Confrontation sur la régulation des stablecoins
Le gouverneur de la Banque d’Angleterre, Andrew Bailey, a averti que les régulateurs internationaux pourraient faire face à une confrontation difficile avec les États-Unis concernant la régulation des stablecoins au sein des systèmes de paiement mondiaux. Selon Reuters, Bailey a déclaré lors d’une conférence vendredi que les stablecoins ne fonctionneraient correctement dans les paiements internationaux que si les régulateurs s’accordaient sur des normes communes, ajoutant que les discussions avec l’administration américaine risquaient de devenir une « lutte à venir« .

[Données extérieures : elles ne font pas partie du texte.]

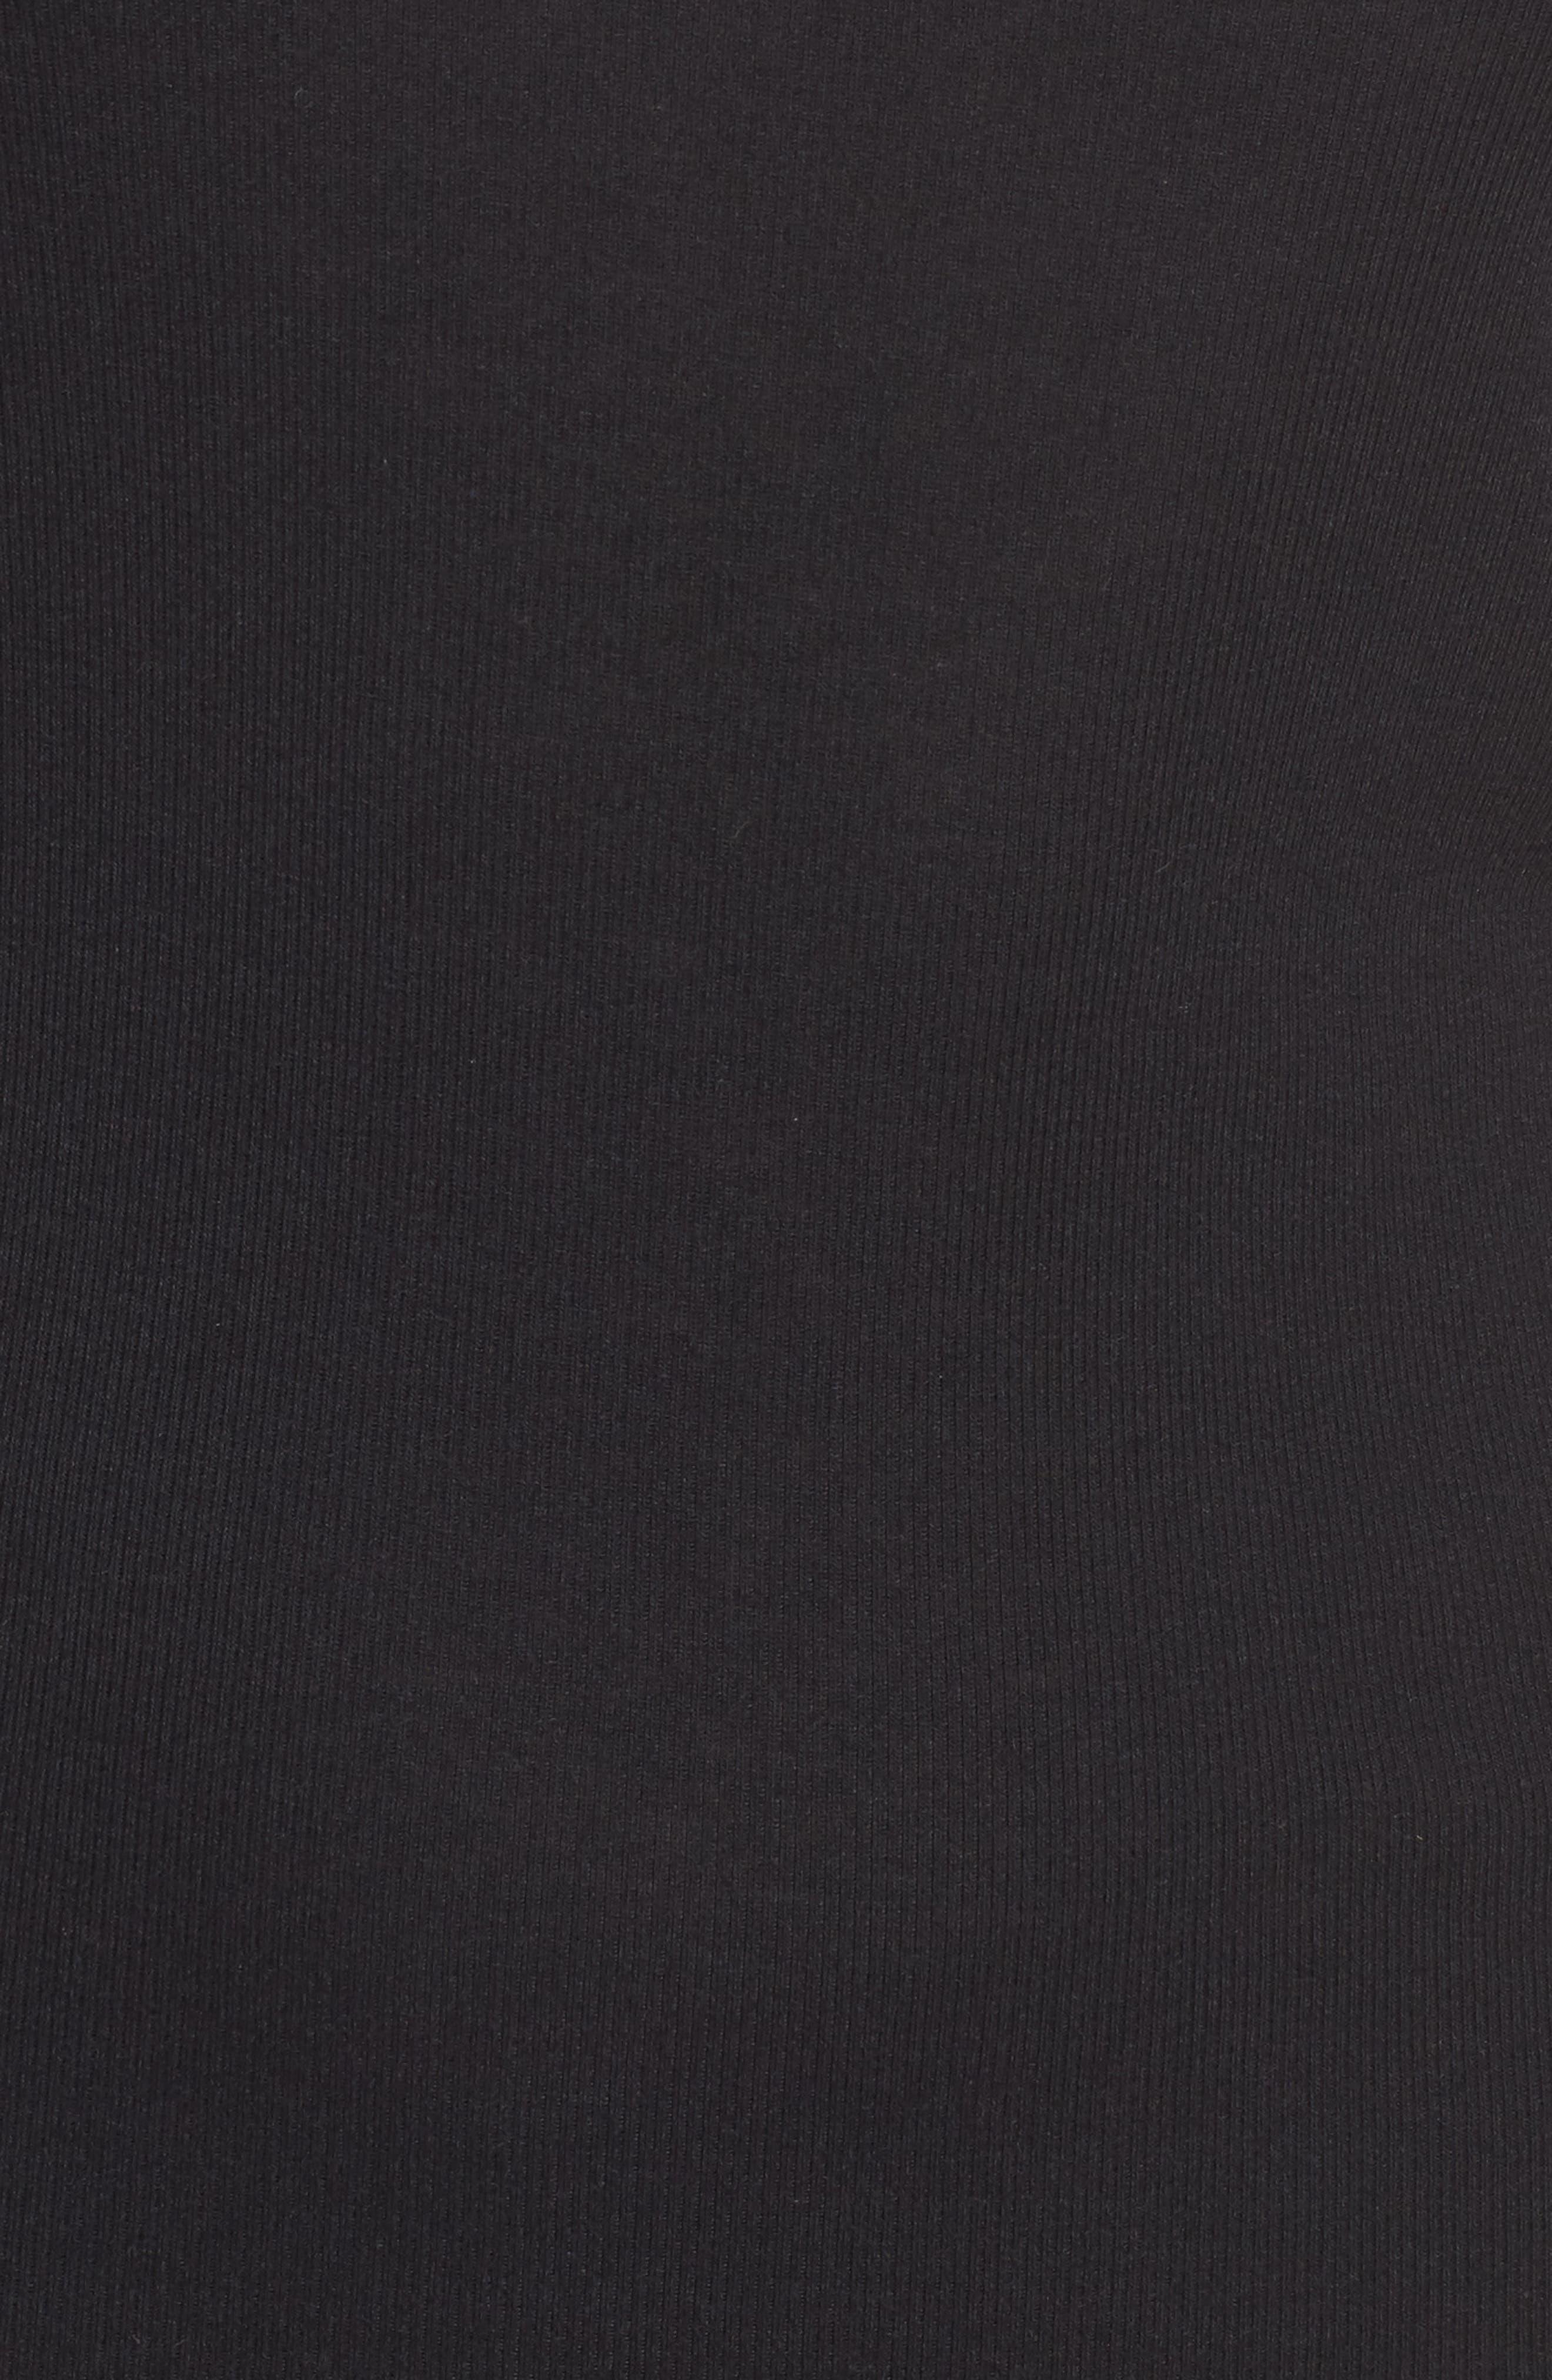 Crewneck Rib Knit Top,                             Alternate thumbnail 5, color,                             001

Adoption des stablecoins et cadre réglementaire
Les commentaires de Bailey interviennent alors que l’administration Trump continue de soutenir l’adoption des stablecoins à travers le GENIUS Act, qui a établi un cadre réglementaire pour les émetteurs aux États-Unis. Les stablecoins adossés au dollar américain dominent actuellement le secteur, avec des données de CoinGecko évaluant le marché à plus de 317 milliards de dollars. La plupart des plus grands stablecoins sont liés au dollar américain et reposent sur des réserves telles que des bons du Trésor et des liquidités en dollars.
Risques pour la stabilité financière
Les régulateurs en dehors des États-Unis, y compris des responsables au Royaume-Uni, ont à plusieurs reprises soutenu que les stablecoins pourraient créer des risques pour le système bancaire si la supervision reste trop légère. En tant que président du Conseil de stabilité financière, Bailey a déclaré qu’il considérait toujours les stablecoins comme un risque potentiel pour la stabilité financière. Il a mentionné lors de la conférence que certains stablecoins pourraient ne pas être facilement échangeables contre des liquidités sans passer par des échanges de cryptomonnaies, ce qui pourrait poser des problèmes lors de périodes de stress sur le marché.

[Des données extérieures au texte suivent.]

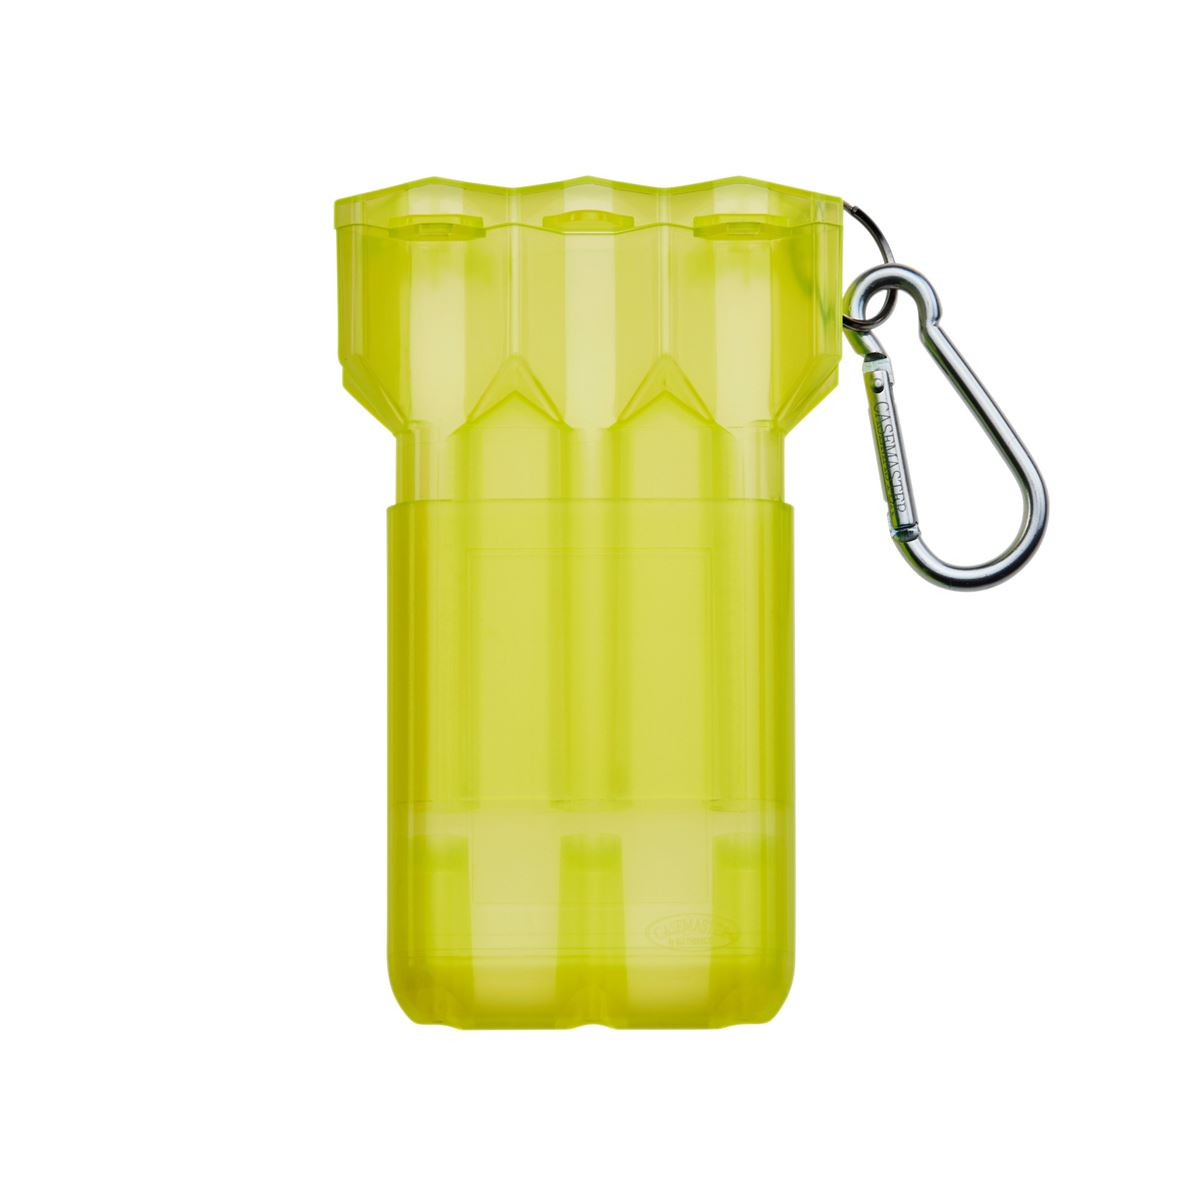 Nomad Dart Case - Neon Yellow

Propositions réglementaires de la Banque d’Angleterre
Les préoccupations concernant la convertibilité ont façonné les propositions réglementaires de la Banque d’Angleterre. Dans des documents de consultation publiés en novembre 2025, la banque centrale a proposé des limites temporaires de 20 000 £ pour les avoirs individuels en stablecoins et de 10 millions £ pour les soldes des entreprises dans le cadre de son cadre prévu pour les stablecoins adossés à la livre sterling. Selon cette proposition, les émetteurs seraient également tenus de détenir 40 % de leurs réserves sous forme de dépôts non rémunérés à la banque centrale, tandis que les 60 % restants pourraient être investis dans des dettes gouvernementales britanniques à court terme. À l’époque, la Banque d’Angleterre a déclaré que cette structure était conçue pour soutenir les rachats pendant les périodes de stress et maintenir la confiance dans les réserves des stablecoins. Des exemptions ont été incluses pour des entreprises telles que les supermarchés et les plateformes de trading de cryptomonnaies qui pourraient avoir besoin de soldes plus importants pour des raisons opérationnelles.
Défis liés au contrôle de l’État
Bailey a à plusieurs reprises remis en question la capacité des stablecoins à affaiblir le contrôle de l’État sur la monnaie s’ils se développent sans protections solides. L’année dernière, il a déclaré que les stablecoins « devaient maintenir leur valeur nominale » car ils sont conçus pour fonctionner comme de la monnaie et des instruments de paiement. Les remarques de vendredi ont également abordé les flux transfrontaliers. Bailey a averti que si des stablecoins en dollars difficiles à échanger se répandaient à l’international, des pays comme le Royaume-Uni pourraient finir par absorber la pression des rachats lors d’une panique sur le marché.
« Nous savons ce qui se passerait s’il y avait une ruée sur un stablecoin ; ils se retrouveraient tous ici », a déclaré Bailey, selon Reuters.
Réactions à Washington
Des préoccupations similaires ont émergé à Washington lors des négociations sur la législation crypto. Des groupes bancaires américains ont exhorté les législateurs à interdire aux plateformes de cryptomonnaies d’offrir des rendements sur les stablecoins, arguant que de tels produits pourraient concurrencer les dépôts bancaires tout en opérant en dehors des règles bancaires traditionnelles. Les négociateurs n’ont pas réussi à parvenir à un accord complet après des mois de discussions. Le dernier projet de loi sur la structure du marché du Sénat interdit les récompenses sur les soldes inactifs de stablecoins tout en permettant aux plateformes de fournir d’autres programmes d’incitation aux clients. Le Comité bancaire du Sénat, qui a retardé un vote sur la législation plus tôt cette année, doit tenir une session de révision jeudi.